Microsurgery of the cervical spine in elderly patients. Part 2: Surgery of malignant tumourous disease.

作者信息

Seifert V, van Krieken F M, Bao S D, Stolke D, Zimmermann M

机构信息

Neurosurgical Clinic, University of Essen, Federal Republic of Germany.

出版信息

Acta Neurochir (Wien). 1994;131(3-4):241-6. doi: 10.1007/BF01808621.

DOI:10.1007/BF01808621
PMID:7754829
Abstract

In this retrospective study, the results of surgery were examined in 25 patients, 65 years of age or older, suffering from malignant tumour growth along the cervical spine. The group consisted of 17 men and 8 women. The mean age was 73 years, ranging from 66 to 88 years. The pathology identified was metastasis in 23 patients, and plasmocytoma in two. The tumour localization involved a single segment of the cervical spine in 12 patients, two segments in 8 patients, three segments in 4 patients, and four segments in one patient. Pre-operatively, 8 patients (32%) suffered solely from severe pain. 6 patients (24%) showed severe pain and radicular nerve compression. 5 patients (20%) had incomplete para- or tetraparesis but were able to walk, and again 6 patients (24%) had incomplete para- or tetraparesis, and were unable to walk. A multitude of accompanying systemic diseases was present in the majority of patients. Evaluation of the peri-operative risk profile was performed using the American Society of Anaesthesiology (ASA) Grading of Physical Status Score. Operation consisted of microsurgical tumour removal, usually incorporating a single- or multi-level vertebrectomy, with radical epidural decompression, and grafting with bone cement followed by an appropriate osteosynthesis.
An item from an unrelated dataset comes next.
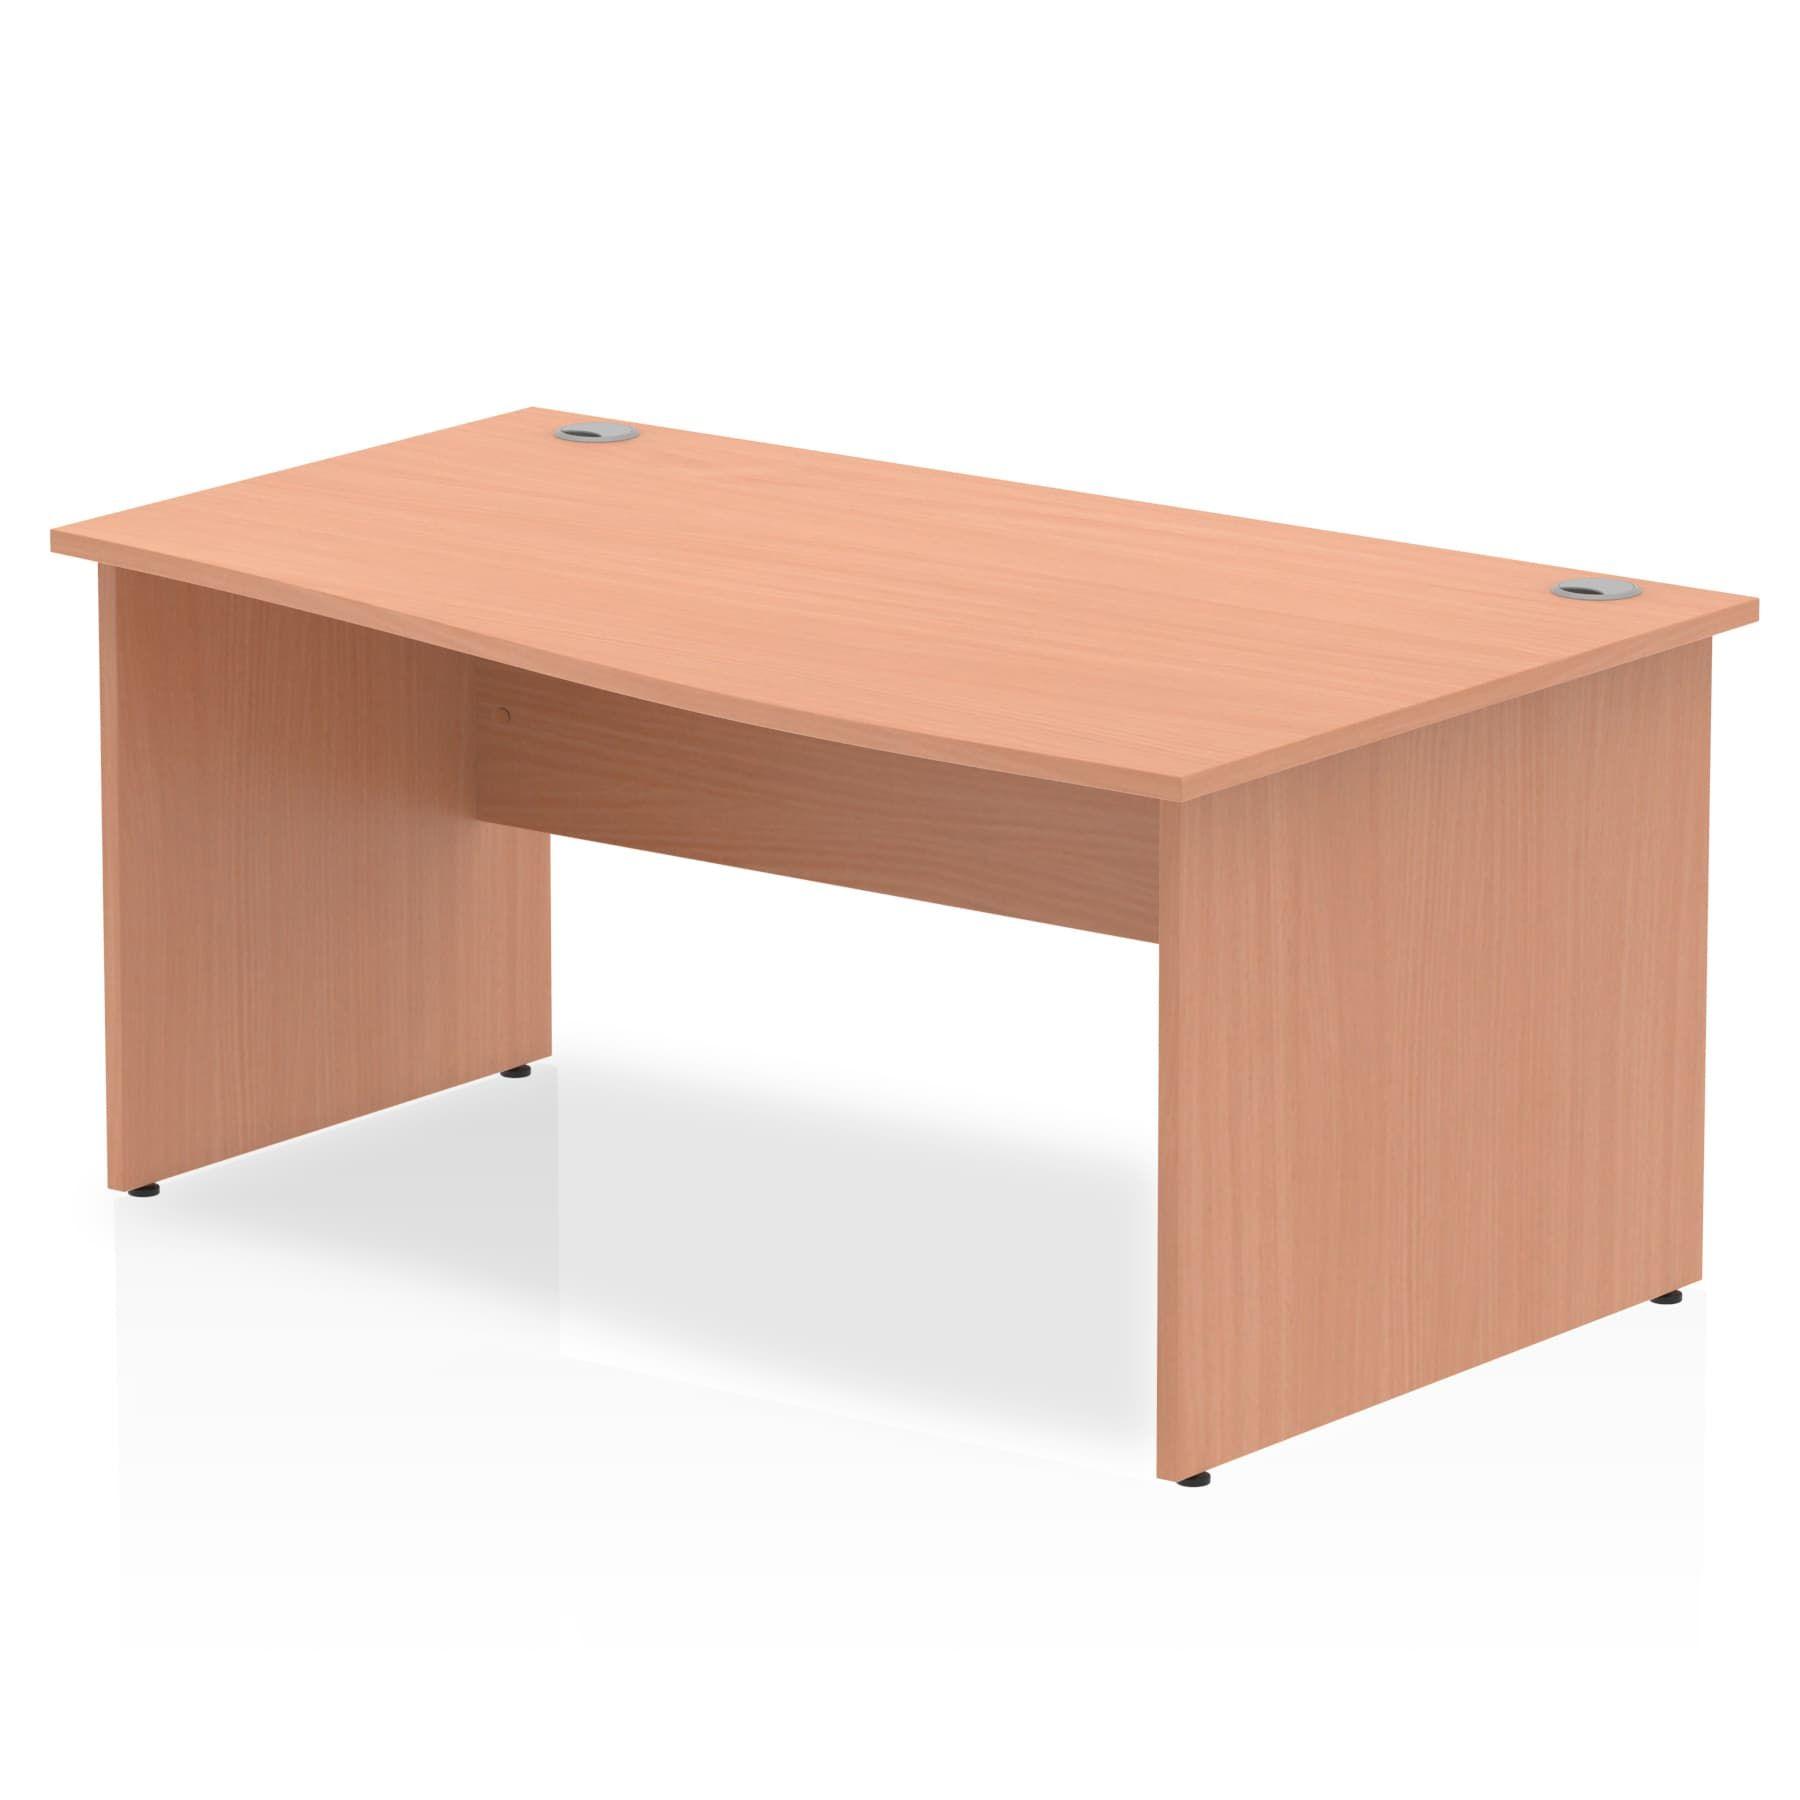 Impulse 1600 Right Hand Wave Desk

Of the whole cohort of patients treated, four patients were still alive at the time of the last follow-up evaluation. 21 patients died. Four patients died within seven days after surgery. The remaining 17 patients died during the follow-up period. All of these patients died from systemic spread of their primary cancer.(ABSTRACT TRUNCATED AT 250 WORDS)

摘要

在这项回顾性研究中,对25例65岁及以上患有颈椎恶性肿瘤生长的患者的手术结果进行了检查。该组包括17名男性和8名女性。平均年龄为73岁,范围在66至88岁之间。病理检查发现23例为转移瘤,2例为浆细胞瘤。肿瘤定位涉及颈椎单节段的患者有12例,两个节段的有8例,三个节段的有4例,四个节段的有1例。术前,8例患者(32%)仅患有严重疼痛。6例患者(24%)表现为严重疼痛和神经根受压。5例患者(20%)有不完全性截瘫或四肢瘫但能够行走,另有6例患者(24%)有不完全性截瘫或四肢瘫且无法行走。大多数患者存在多种伴随的全身性疾病。使用美国麻醉医师协会(ASA)身体状况评分分级对围手术期风险状况进行评估。手术包括显微手术切除肿瘤,通常包括单节段或多节段椎体切除术、彻底的硬膜外减压、骨水泥植骨,随后进行适当的骨固定。在接受治疗的整个患者队列中,在最后一次随访评估时,有4例患者仍存活。21例患者死亡。4例患者在术后7天内死亡。其余17例患者在随访期间死亡。所有这些患者均死于原发癌的全身扩散。(摘要截取自250字)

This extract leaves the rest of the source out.